Он был не прочь сказать что‑нибудь более приветливое. Но ему ничего не пришло в голову. И здесь опять же можешь убедиться в преимуществах марафона. У Бреннера вообще не было времени на сантименты. Потому как его сразу же ждала следующая ездка. И снова выслушивать волынку про чью‑нибудь жизнь. И опять волынка, и опять волынка.
Только когда он вернулся вечером домой, марафон приостановился. Ему снова вспомнилась Клара и уже не выходила у него из головы, и он ей совсем уж было собрался звонить. Но я думаю, это был просто такой небольшой отвлекающий маневр, потому что он просто не знал, где ему искать Малыша Берти. Вместо этого он стоял у окна и смотрел вниз, во двор Союза спасения. И насвистывал потихоньку эту мелодию.
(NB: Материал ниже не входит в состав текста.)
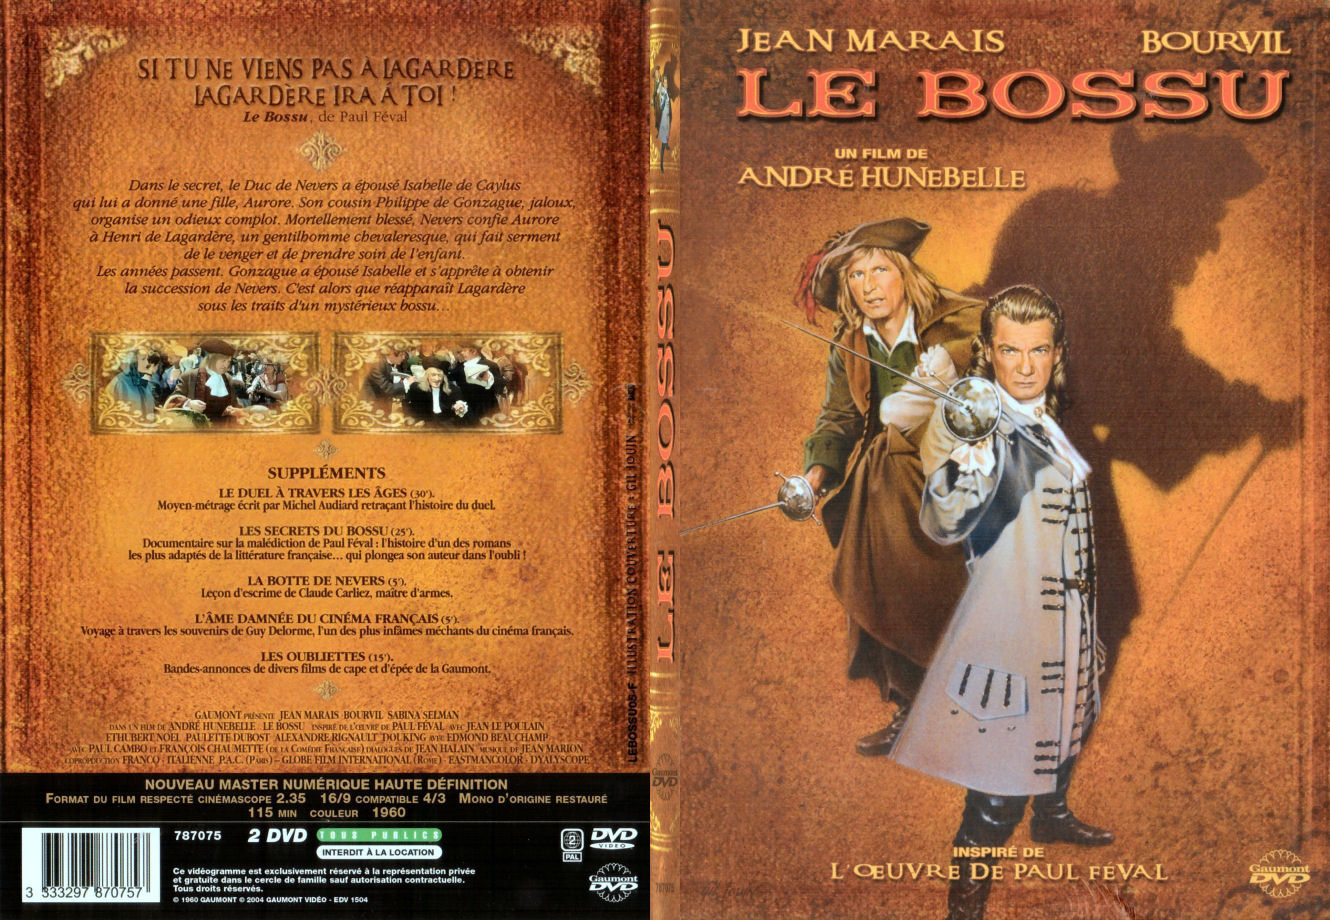 Jaquette DVD Le bossu - SLIM

Была у Бреннера такая странная привычка – целыми днями насвистывает порой какую‑нибудь песню, а сам толком и не замечает. Но если он потом задумывался, а что он, собственно говоря, свистит, то всегда оказывалось, что текст тютелька в тютельку подходит к ситуации, в которой был Бреннер, хотя при этом он не думал ни о каком тексте. Фактически: «Foxi Lady», когда был влюблен в рыжую, или «Куплю себе лучше тирольскую шляпу, она мне ужасно идет», если парикмахер плохо постриг его, или, если хотите, страх перед импотенцией.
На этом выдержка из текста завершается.